Nimbus Film
- Company type: Privately owned
- Industry: Motion picture
- Founded: 1993
- Headquarters: Copenhagen, Denmark
- Key people: Birgitte Hald and Bo Ehrhardt
- Products: Film
- Owner: Birgitte Hald and Bo Ehrhardt (67%); TF1 Group (33%);
- Parent: Studio TF1 (33%)
- Website: nimbusfilm.dk

= Nimbus Film =

Danish film production company

Nimbus Film is Denmark's third largest film production company. It has produced more than 30 feature films and many shorts and documentaries.
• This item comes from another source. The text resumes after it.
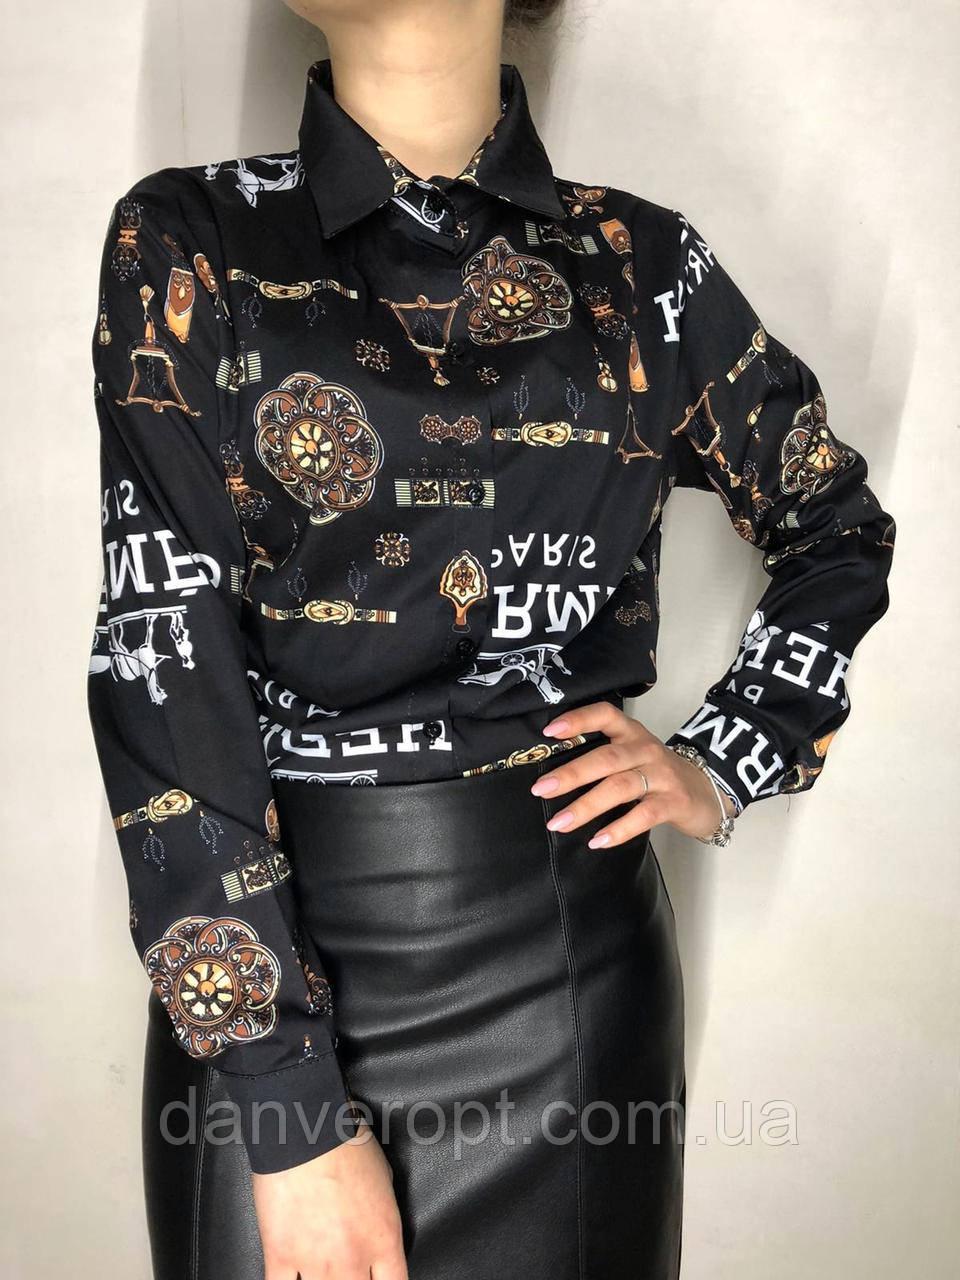 Сорочка жіноча модна розмір універсальний 42-46 купити оптом зі складу 7км Одеса

Of their more known feature films are the Dogme 95 movies The Celebration (1998, directed by Thomas Vinterberg) which won the Jury Prize at the Cannes Film Festival in 1998, and Mifune's Last Song (1999, directed by Søren Kragh-Jacobsen) which won the Silver Bear at Berlin International Film Festival 1999. Recent successes include A Soap (2006, directed by Pernille Fischer Christensen) also winner of the Silver Bear at Berlin International Film Festival in 2006, and the World War II film Flame & Citron (2008, directed by Ole Christian Madsen) a huge box office hit in Denmark in 2008, and distributed worldwide. In 2010 Thomas Vinterberg's Submarino was selected to the main competition at The Berlin Film Festival.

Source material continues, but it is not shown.